Vitamin B(eer) 3
The great analytical reveal
Dear Brew Enthusiasts,
Please find below another instalment of The beerologist. It's Friday!
Last week I was caught up with various commitments, and when announcing this, I neglected to make sure that the email went out to everyone. Sincere apologies.
In this weeks post, we will talk about the yummy stuff yeast makes. With this, I do not refer to the volatiles, flavour compounds or alcohol that we like to enjoy. No, it's all about Vitamin B3!
We all know that a healthy life requires a healthy and balanced diet packed with all the nutrients and vitamins needed (I am starting to sound like a diet guru!). We also appreciate that certain foods contain particular nutrients that are good for us. But what is the dietary benefit of drinking beer? Is there any?
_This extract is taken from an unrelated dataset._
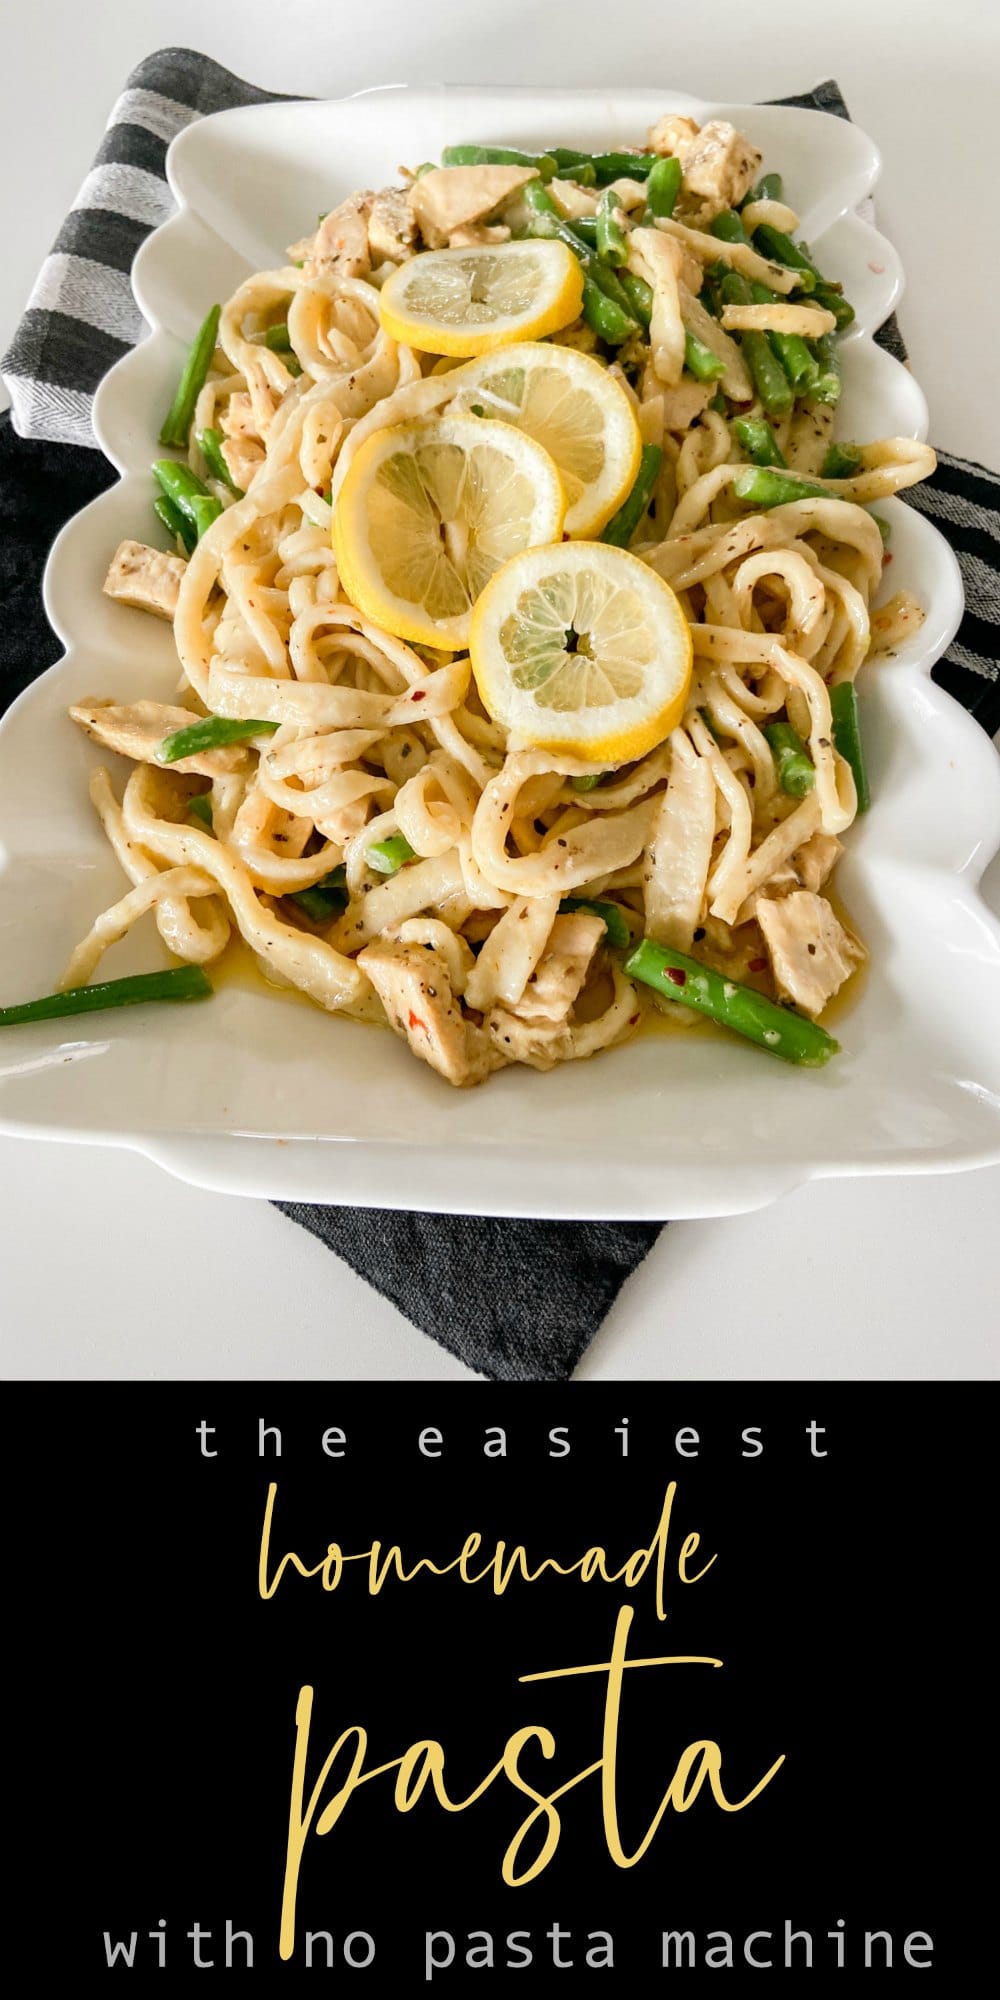 How to make the easiest homemade pasta without a pasta machine. Pasta with chicken and asparagus.

Given the ingredients that go into our beers (water, malts from barley or other grains, hops, or even fruits) and the complex biochemistry that takes place during fermentation, surely beer must contain some stuff that is good for you? But to what extent does beer style matter? Do craft beers have more nutritional value than commercially brewed large scale beers?
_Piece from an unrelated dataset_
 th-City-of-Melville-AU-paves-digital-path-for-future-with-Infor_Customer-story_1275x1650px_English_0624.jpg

We cannot answer all these questions with a single research project. We can, however, look at a subset of compounds that are known to have health benefits. Here, we will look at a form of vitamin B3 (nicotinamide riboside (NR)) and its precursors nicotinamide mononucleotide (NMN) and NAD+. Specifically, research groups led by Nadia Raffaelli and Andrea Osimani quantified the levels of these metabolites in ten commercial craft beers and a beer brewed in the laboratory. The teams sampled the laboratory beer throughout the fermentation process. They asked the questions: what are the levels of NR, NMN and NAD+ in craft beer? When do they appear, and are there any differences between beer styles?
The short answers to these questions are: Significant, throughout fermentation, and yes, there are differences between styles or more specifically, yeast strains.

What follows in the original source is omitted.